■ Work request ■
Exactly as written, set down each line of the data below except its pictures.
[Opening Source material section]
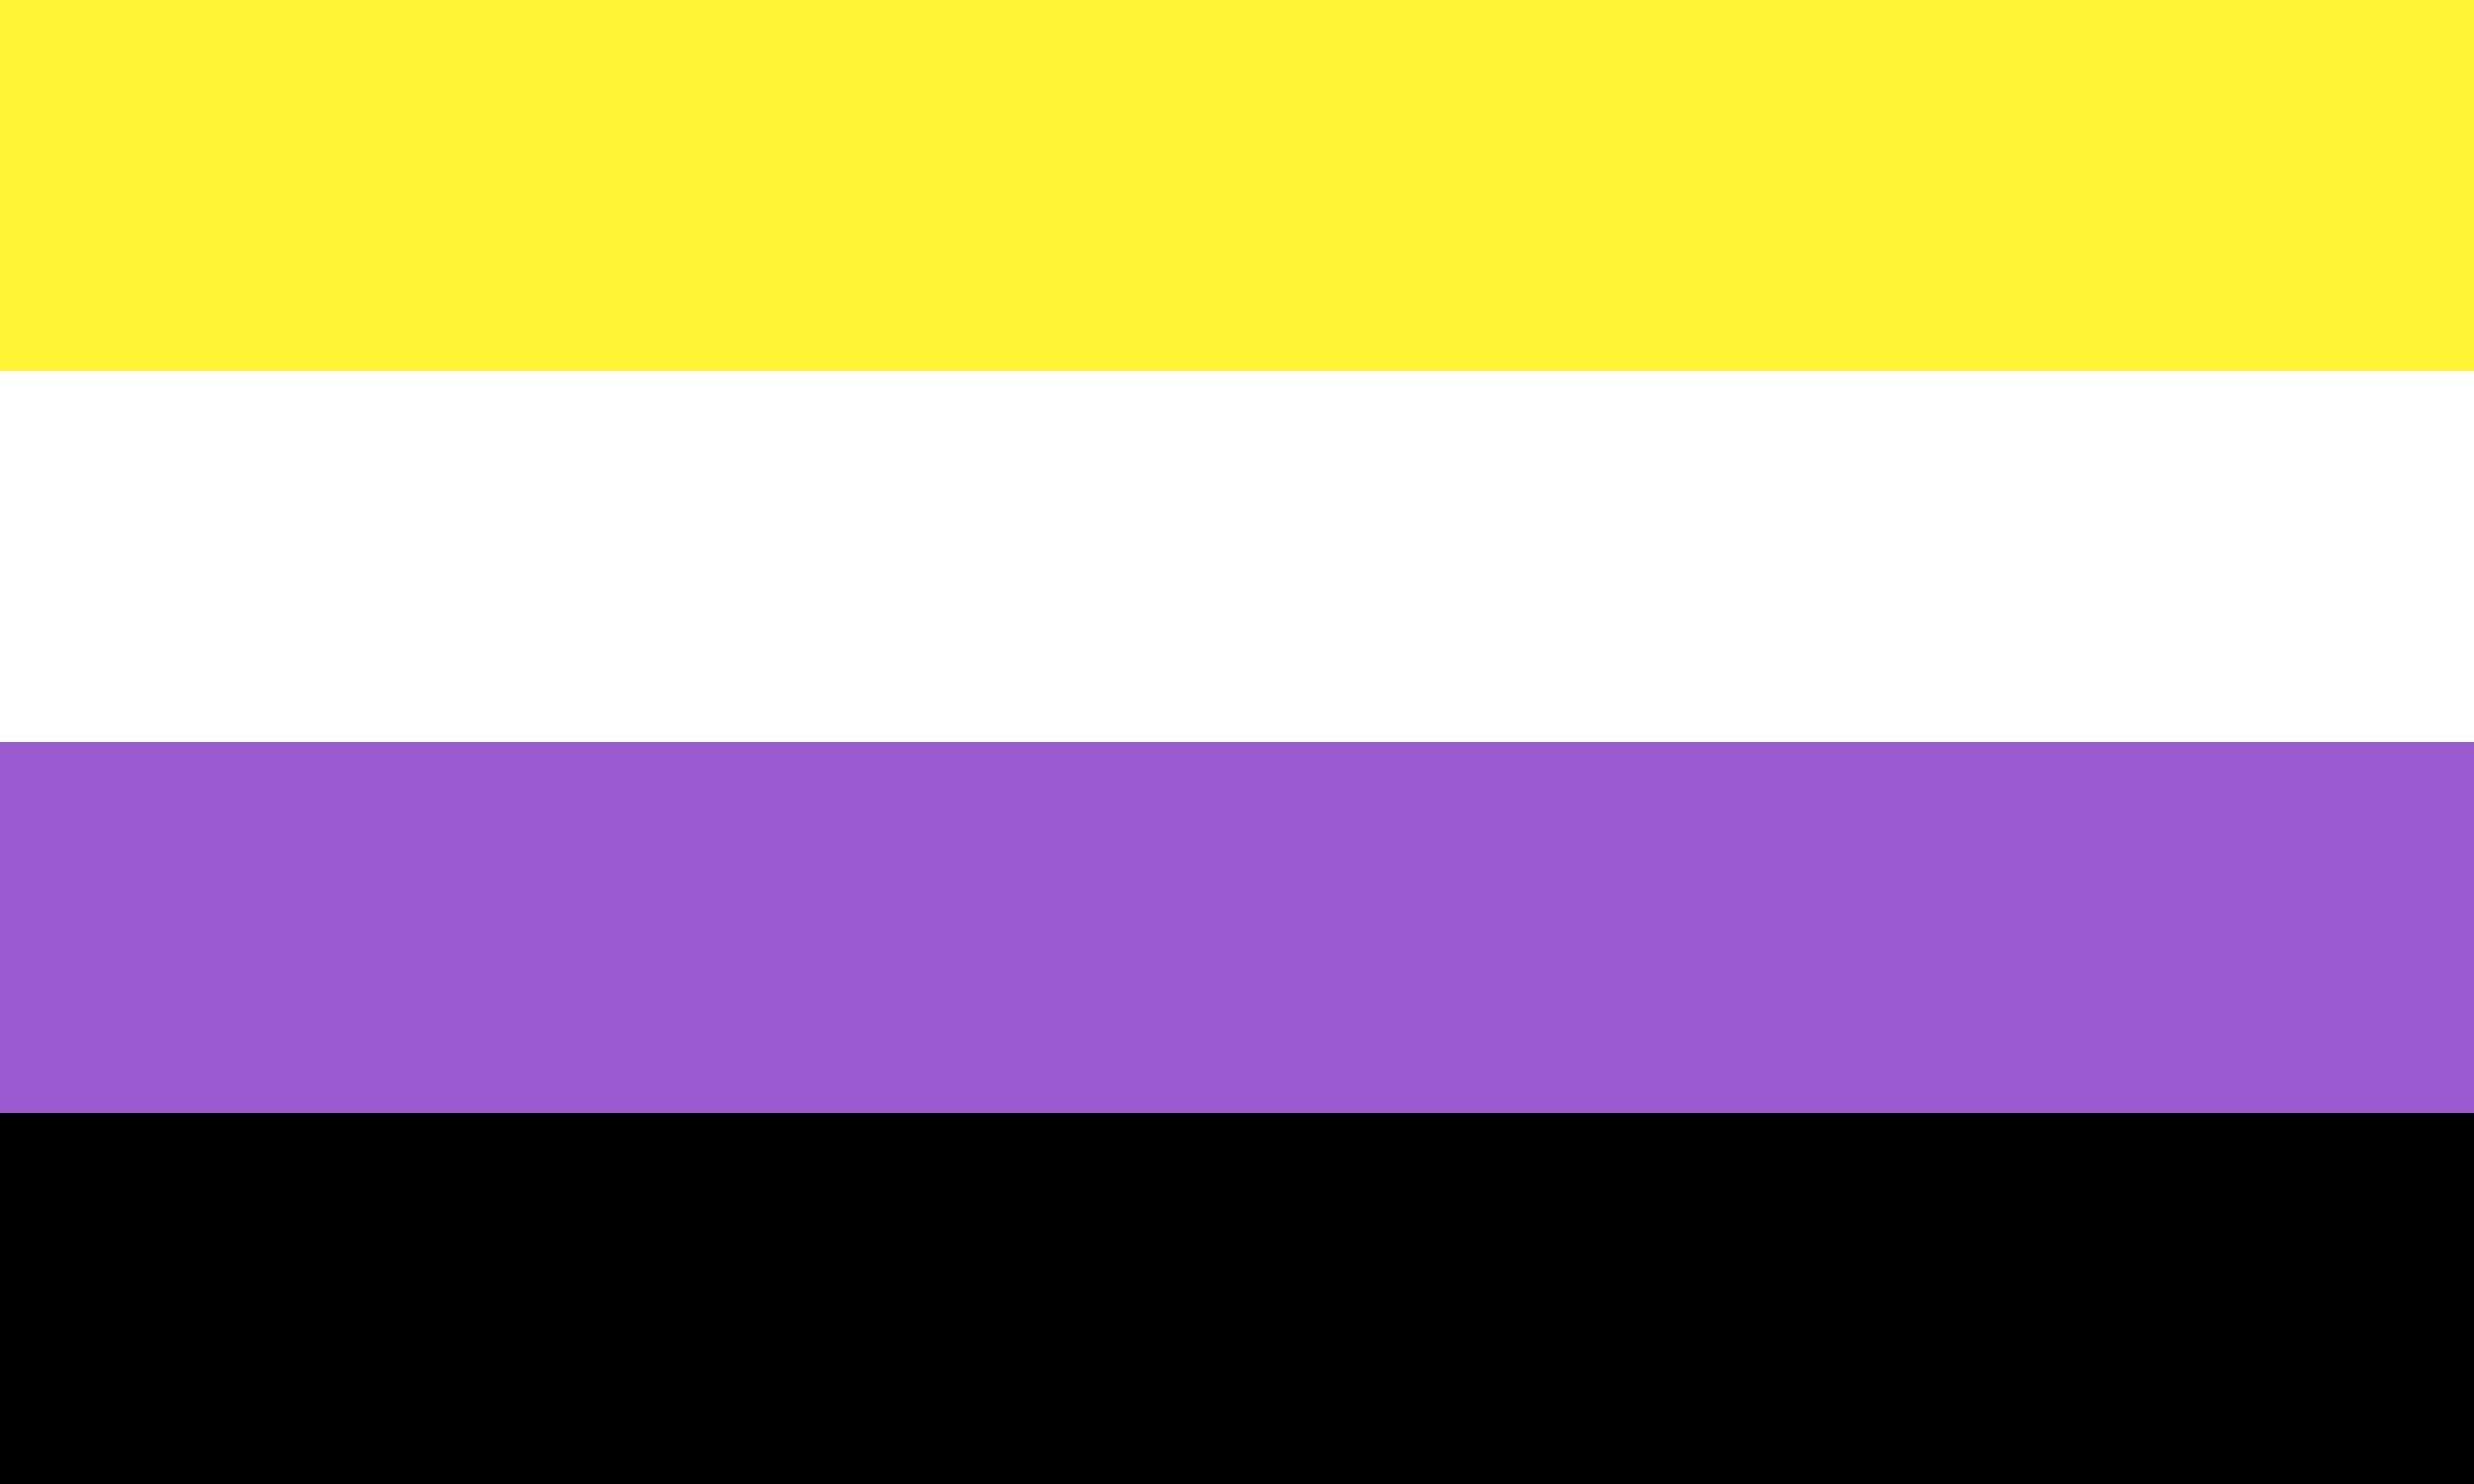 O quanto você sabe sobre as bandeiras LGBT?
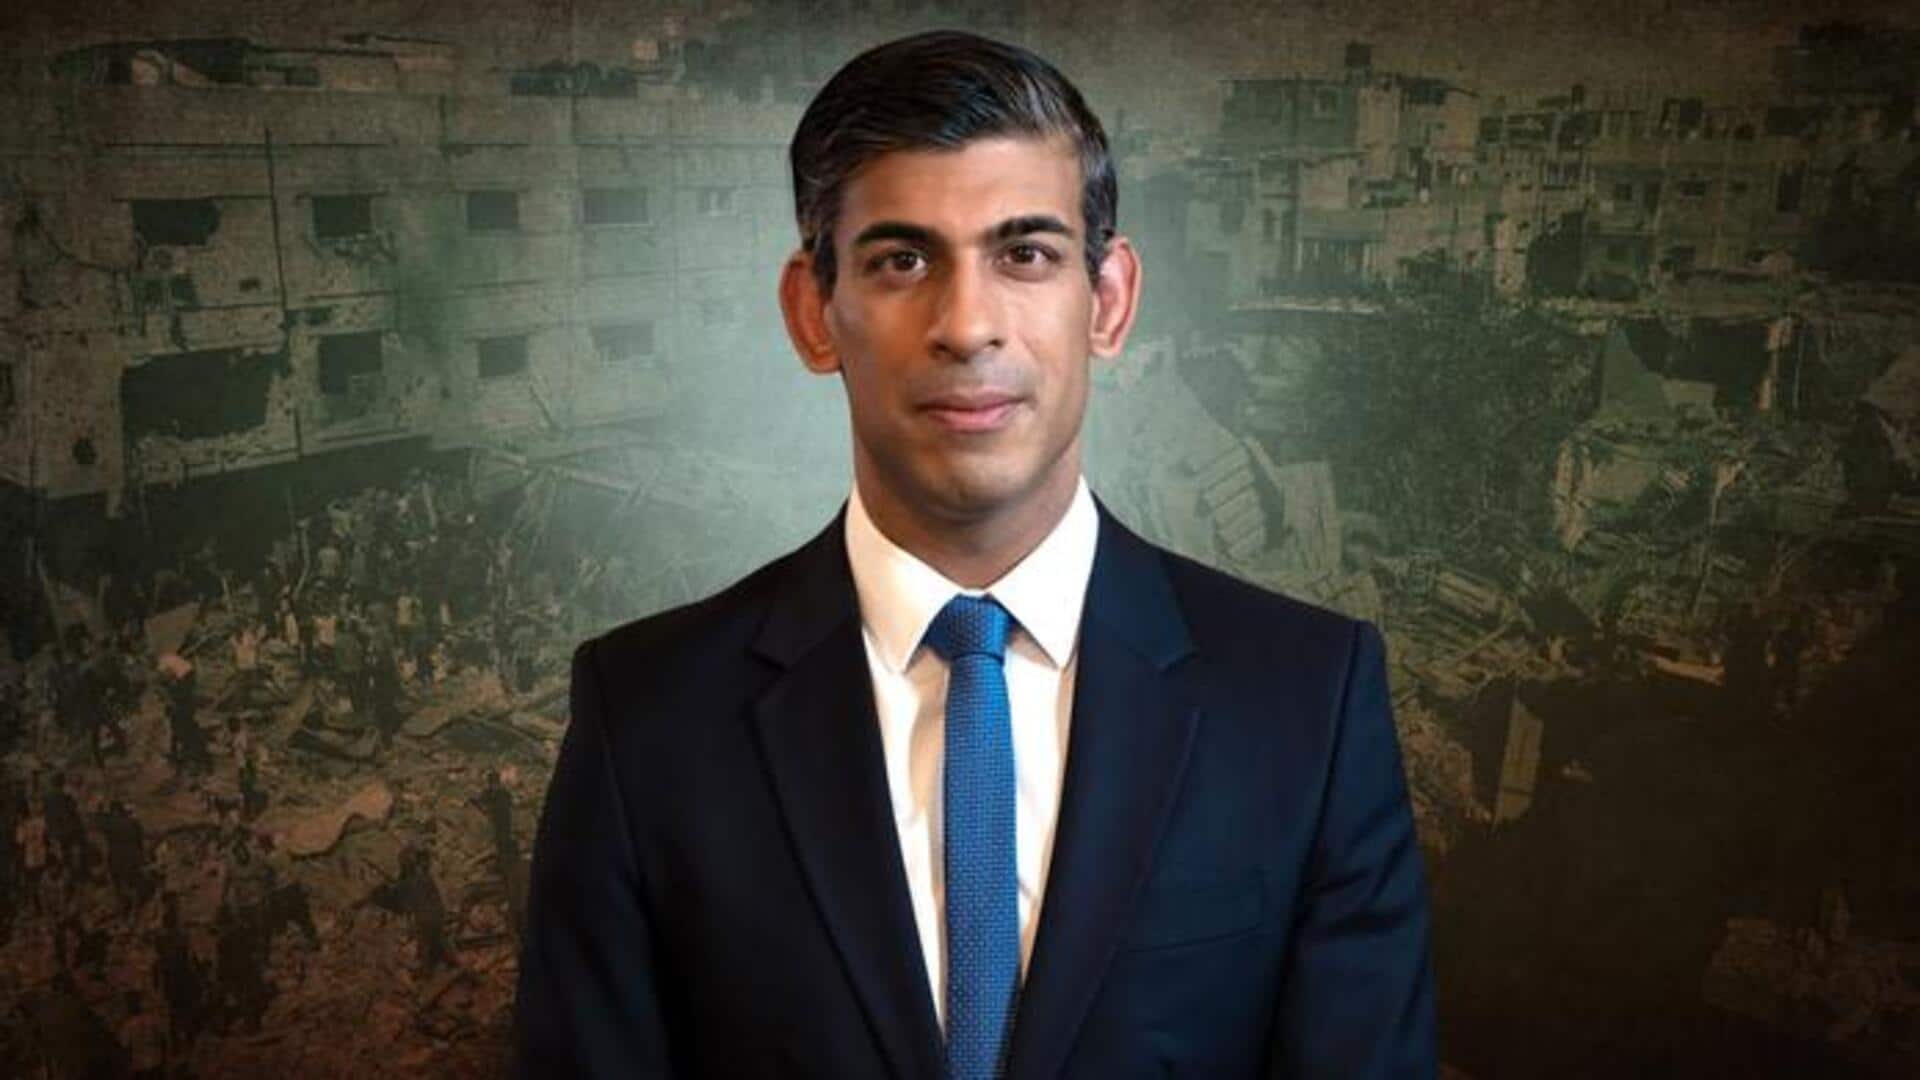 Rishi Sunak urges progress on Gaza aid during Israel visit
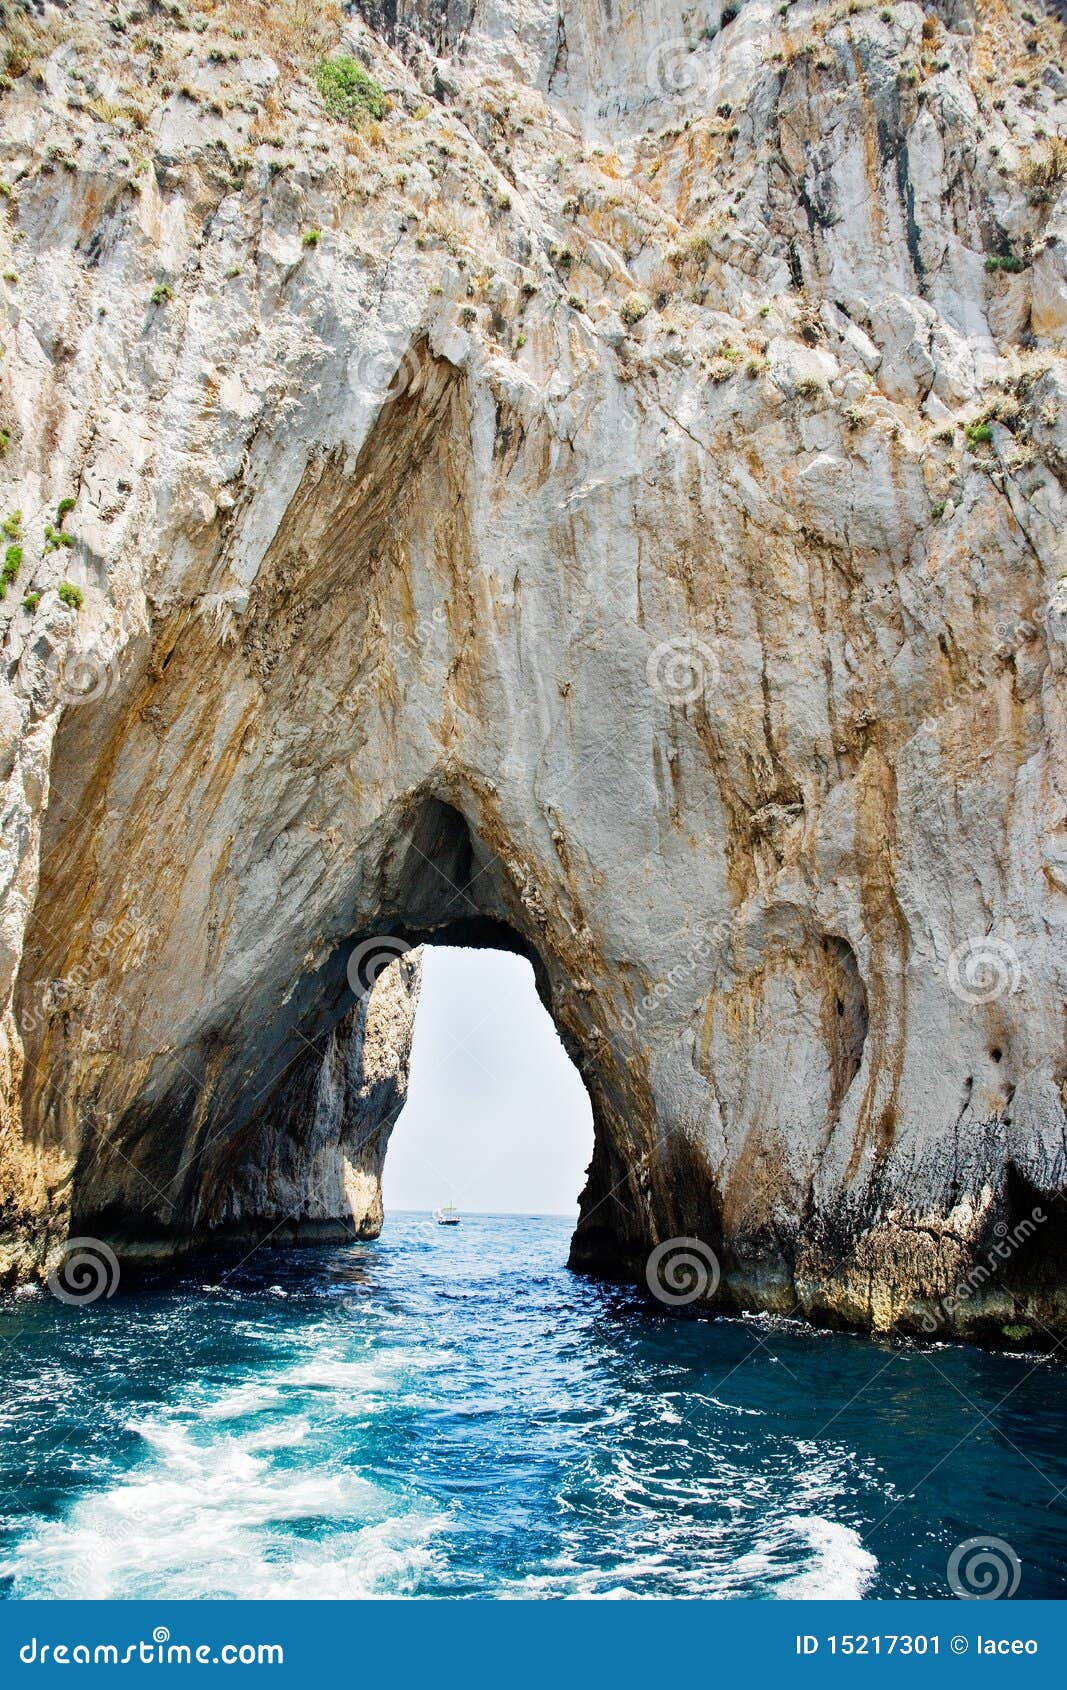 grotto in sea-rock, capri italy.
[Closing Source material section]
■ Output for this exercise ■
 O quanto você sabe sobre as bandeiras LGBT?
 Rishi Sunak urges progress on Gaza aid during Israel visit
 grotto in sea-rock, capri italy.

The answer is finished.